Task brief: Your task is to copy the data exactly while leaving out every picture.

*** Opening of Exercise data ***

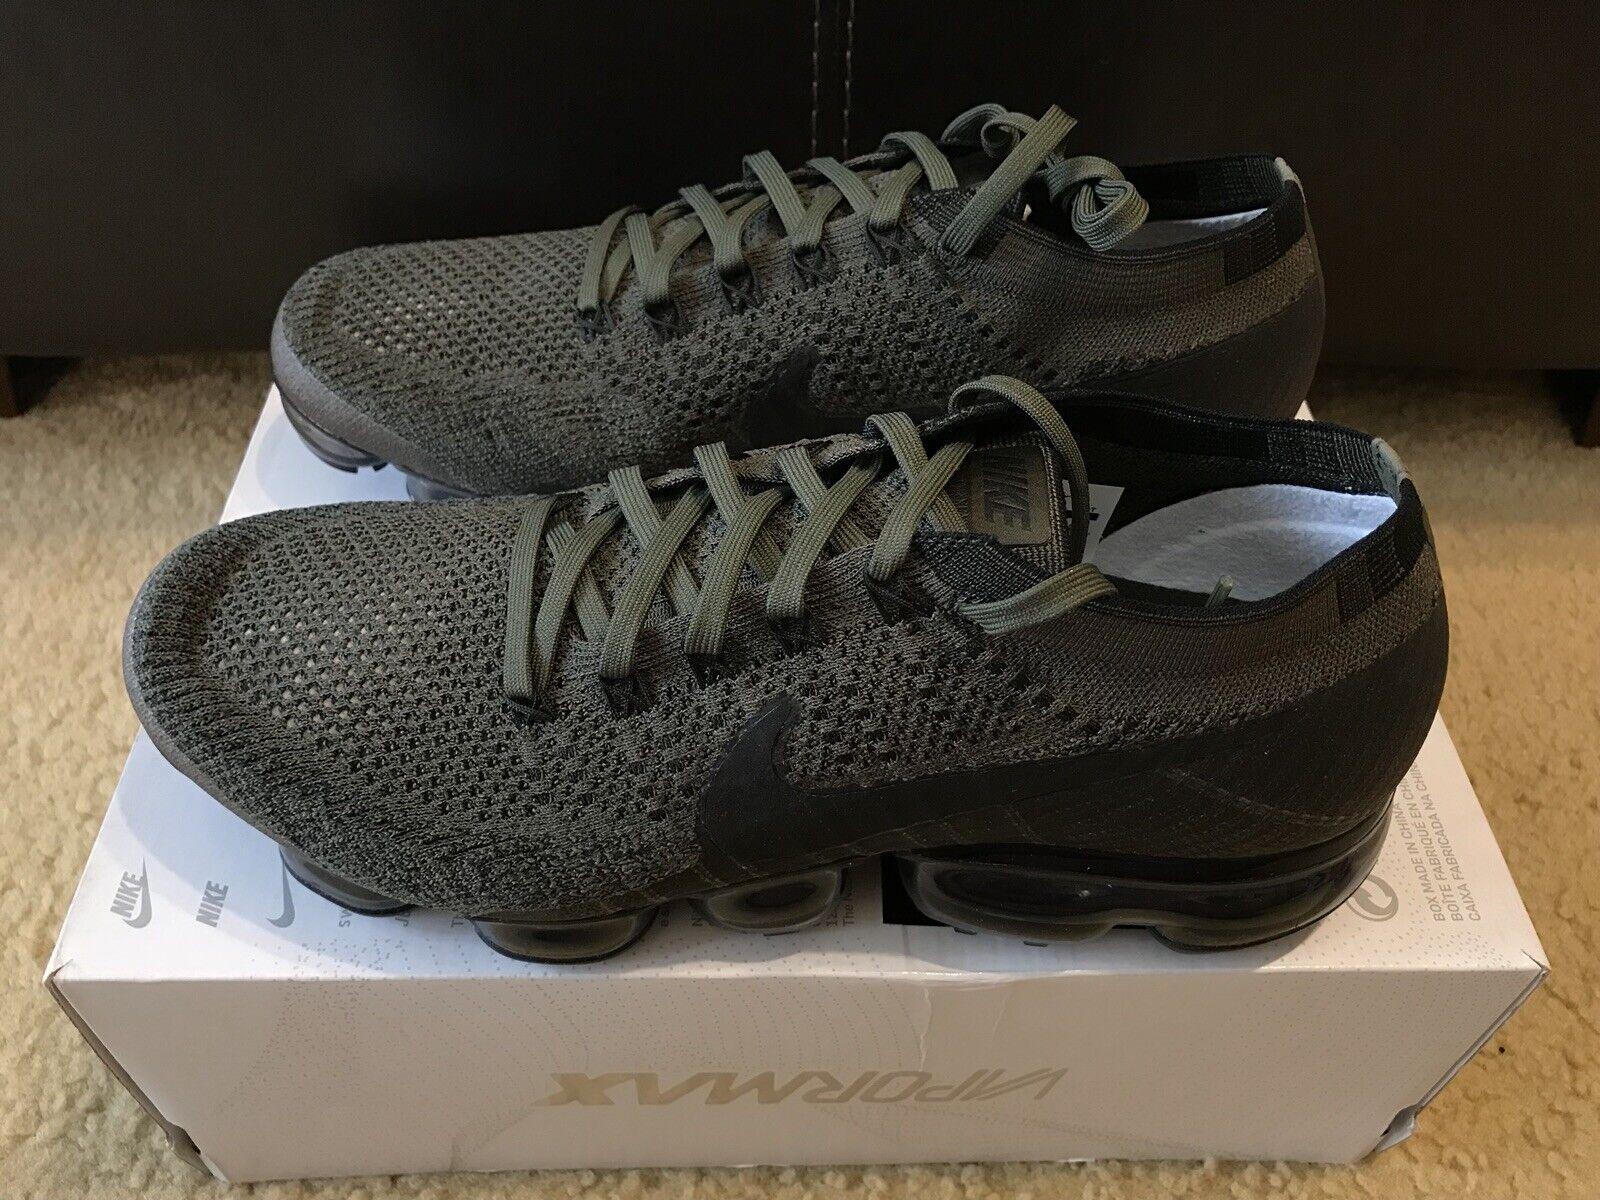 Nike Air Vapormax Flyknit Men's Men's Men's 10.5 Cargo Khaki Black Medium Olive 849558 300 8f0aca
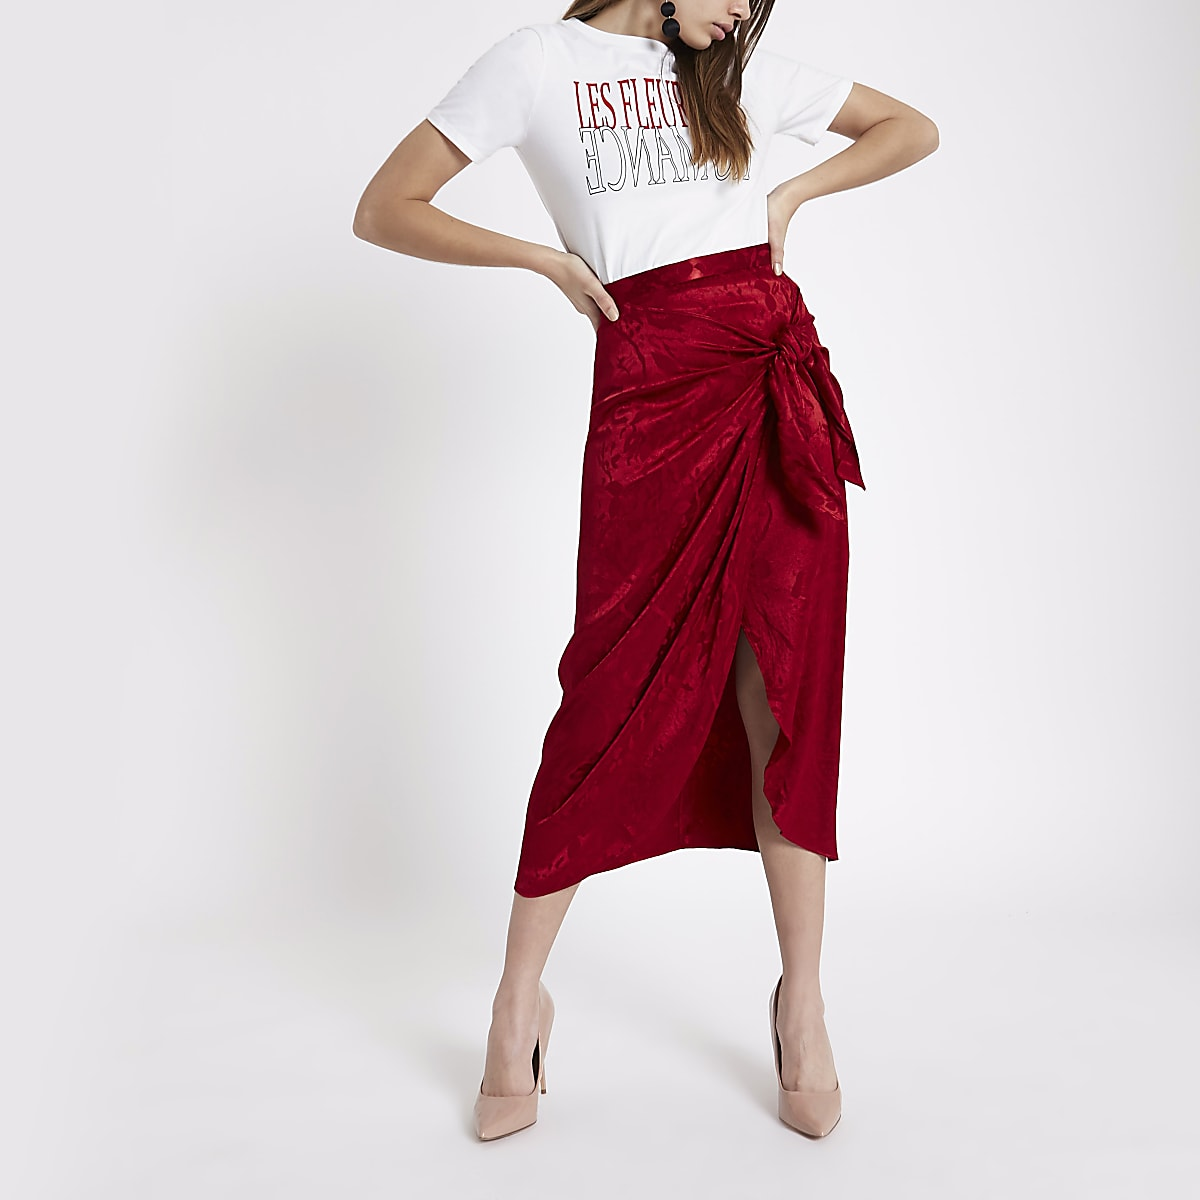 8cbcc41e55 Red satin jacquard tie front pencil skirt - Midi Skirts - Skirts - women
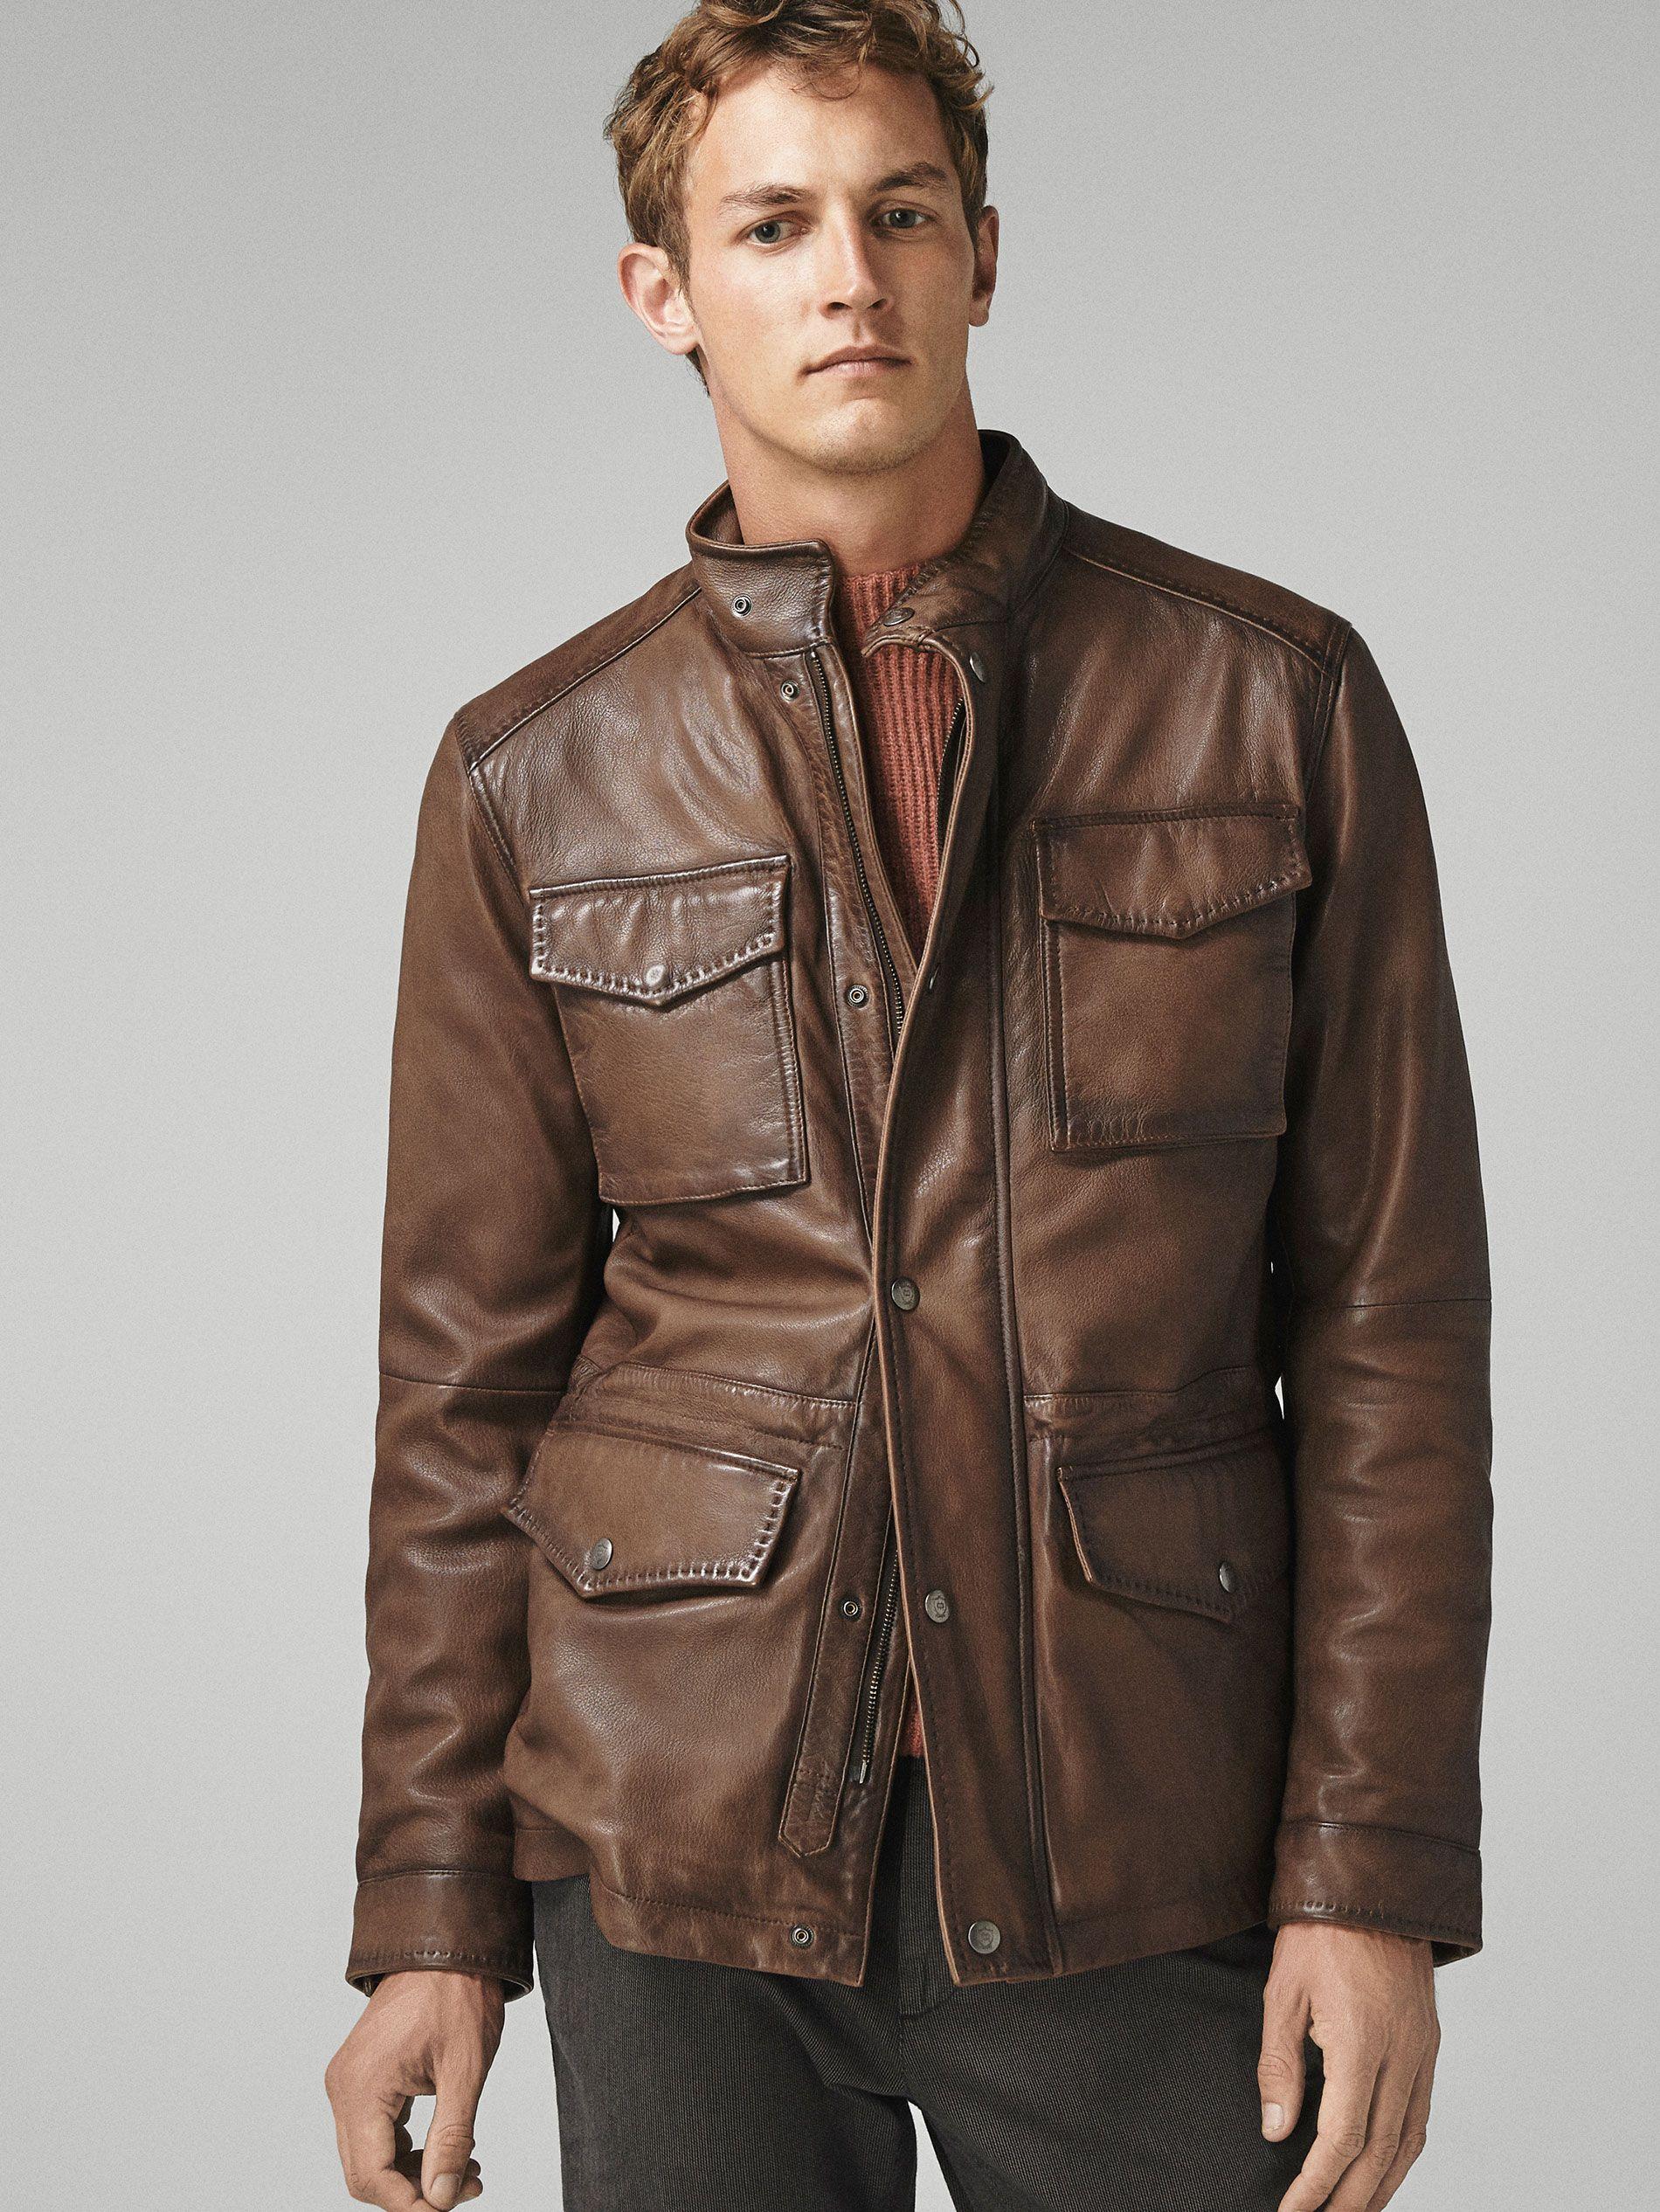 Siluet Leather Jacket Leather Jacket Men Winter Leather Jackets
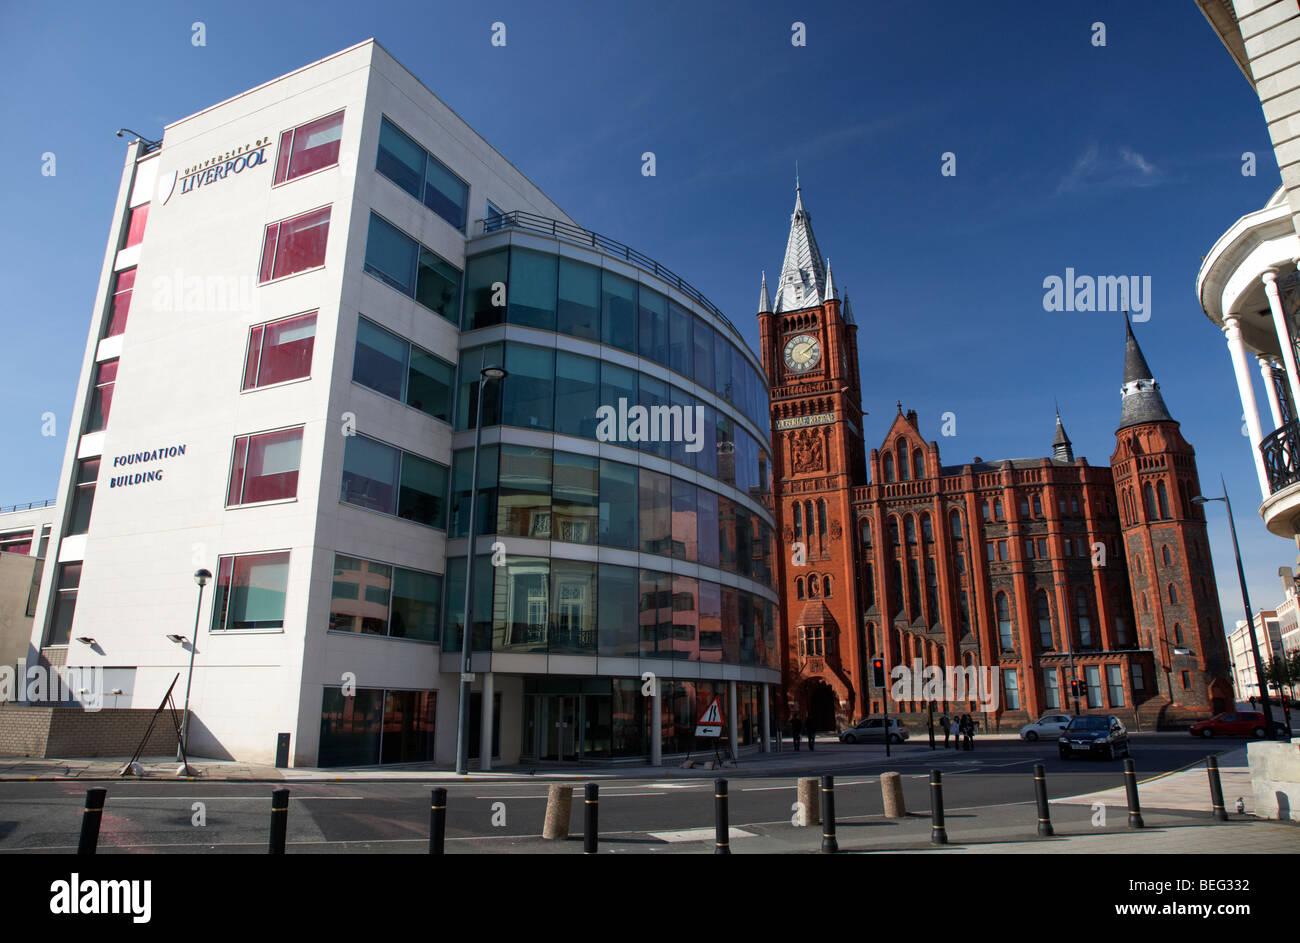 university of liverpool foundation building and old redbrick victoria building liverpool merseyside england uk - Stock Image

*** Close of Exercise data ***

Exercise output:
 Nike Air Vapormax Flyknit Men's Men's Men's 10.5 Cargo Khaki Black Medium Olive 849558 300 8f0aca
 8cbcc41e55 Red satin jacquard tie front pencil skirt - Midi Skirts - Skirts - women
 Siluet Leather Jacket Leather Jacket Men Winter Leather Jackets
 university of liverpool foundation building and old redbrick victoria building liverpool merseyside england uk - Stock Image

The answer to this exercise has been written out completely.